» Work required
After reading the data below, copy out every line that contains the word "watercolor".

» Information supplied
★ ★ ★ ★ ★ ★ ★

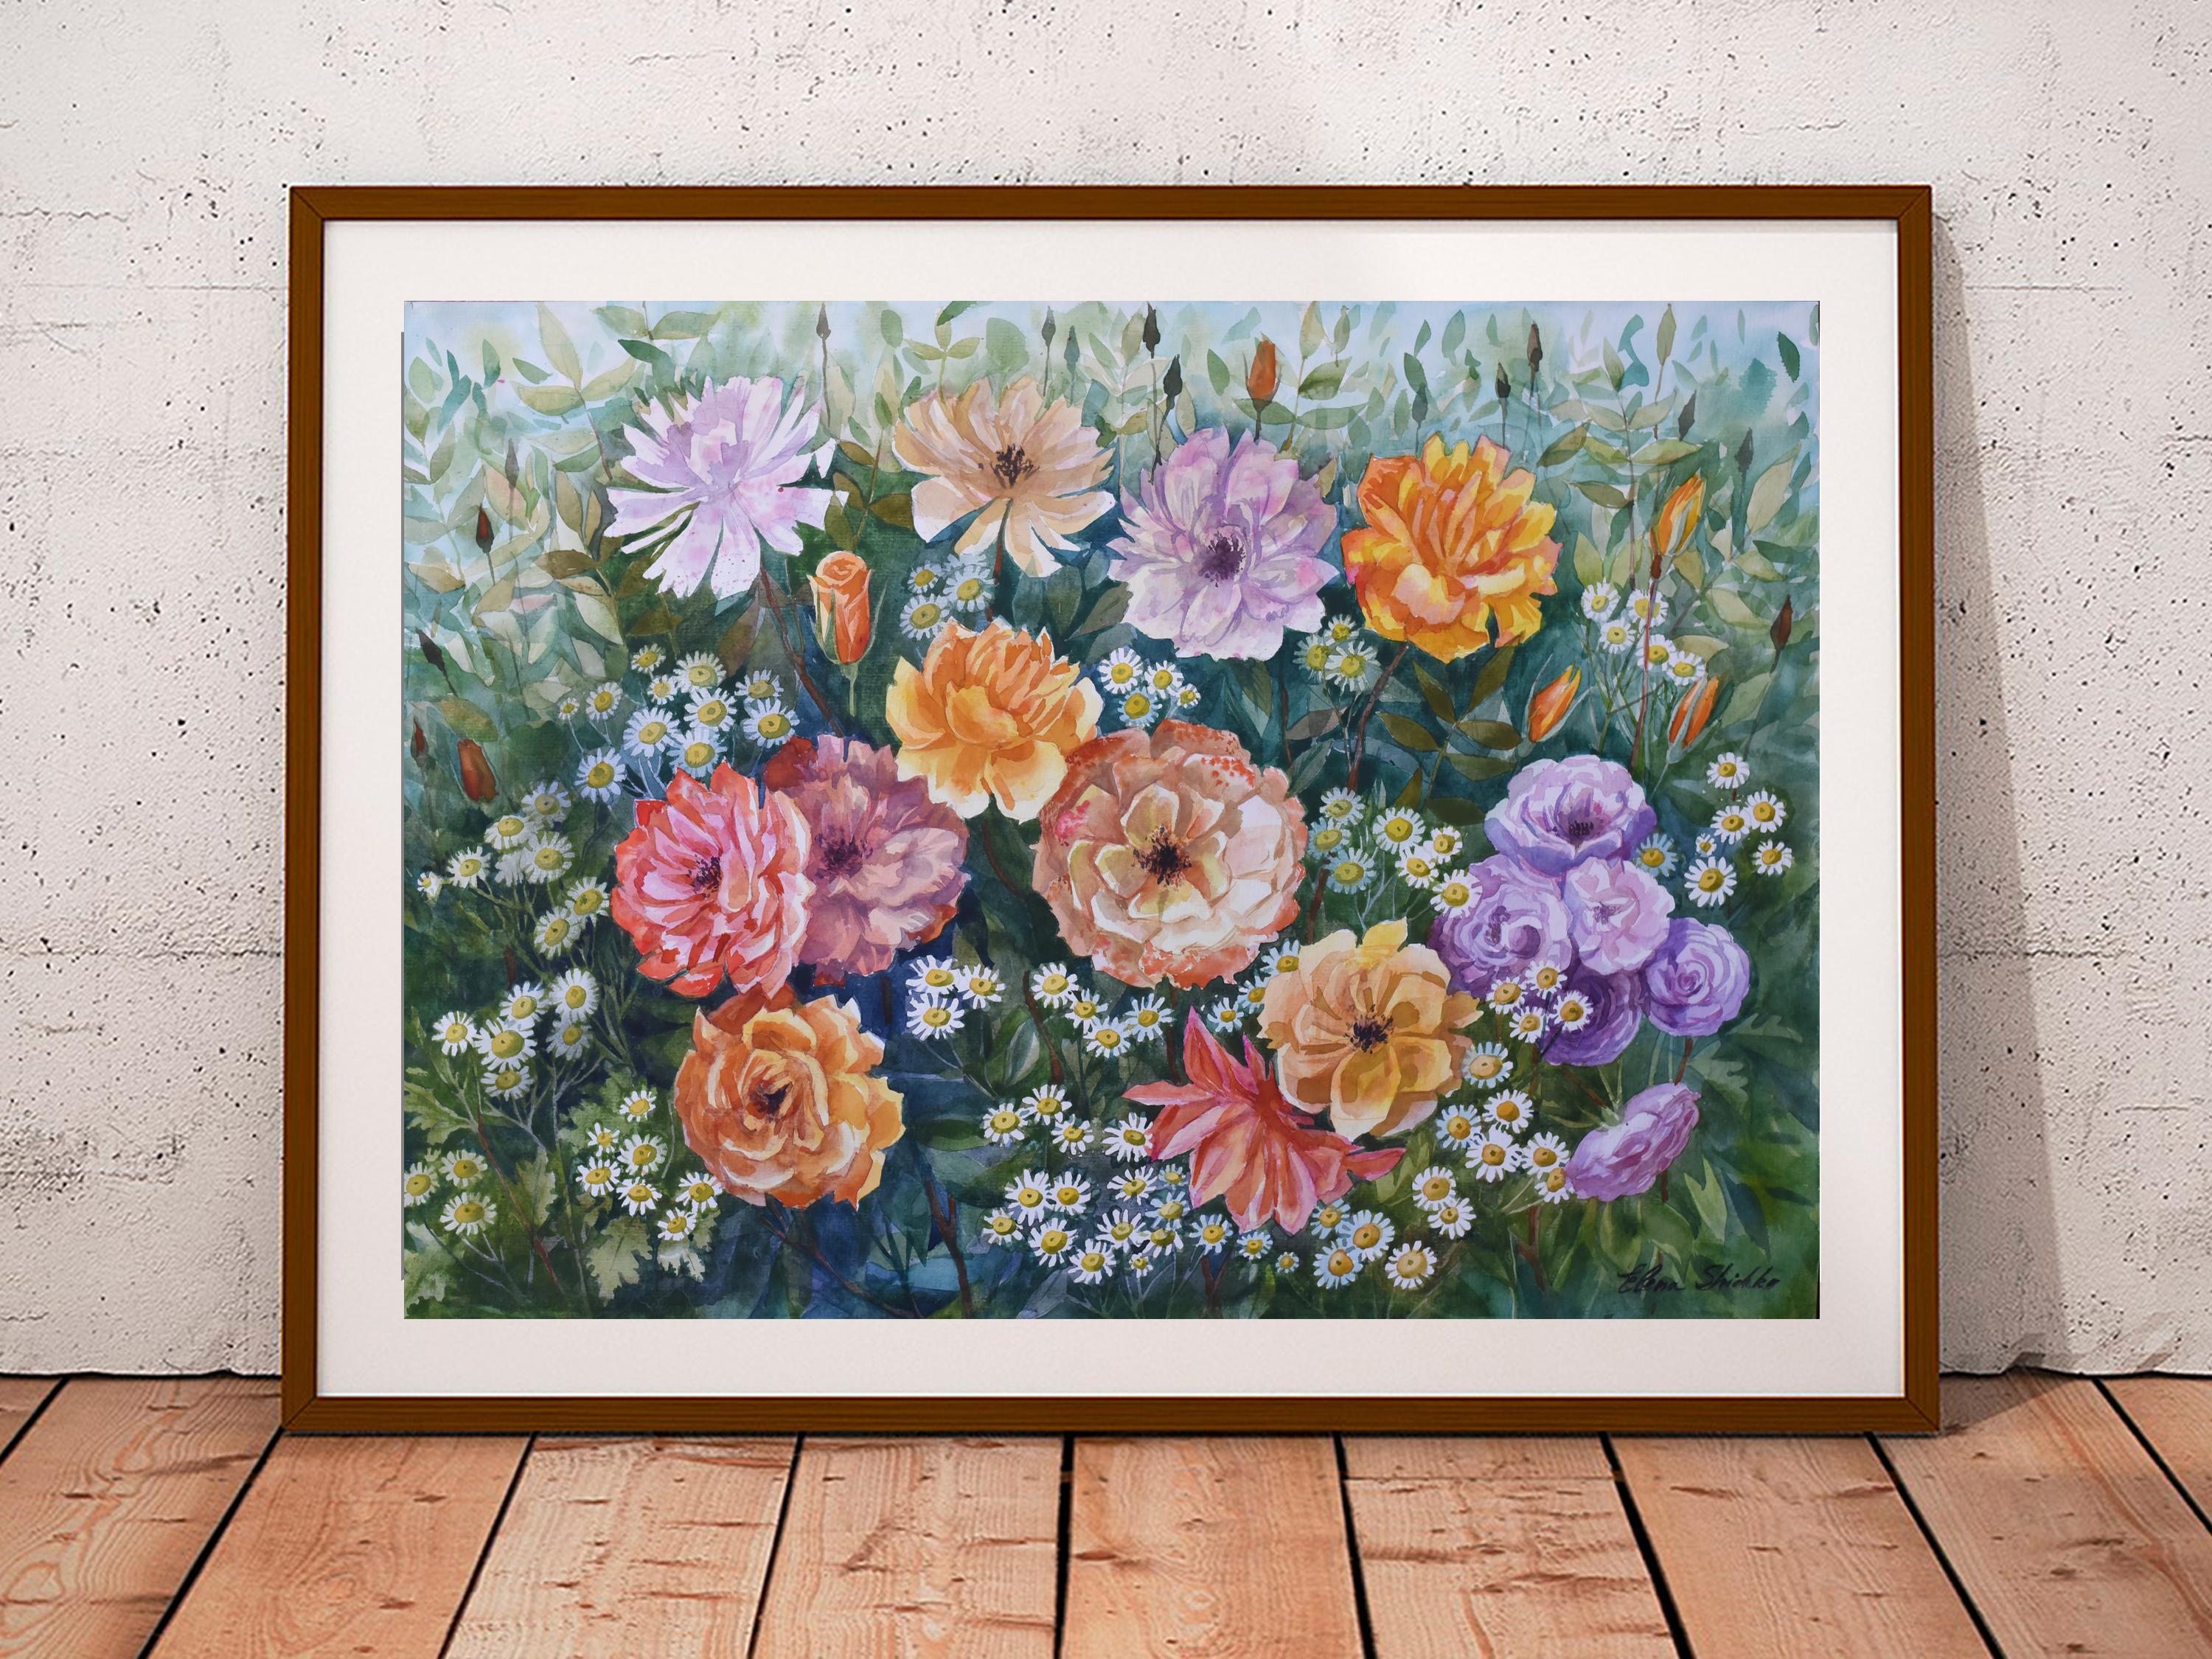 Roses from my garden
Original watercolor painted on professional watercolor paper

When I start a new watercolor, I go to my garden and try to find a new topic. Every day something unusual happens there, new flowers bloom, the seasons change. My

★ ★ ★ ★ ★ ★ ★

» Completed exercise
Original watercolor painted on professional watercolor paper
When I start a new watercolor, I go to my garden and try to find a new topic. Every day something unusual happens there, new flowers bloom, the seasons change. My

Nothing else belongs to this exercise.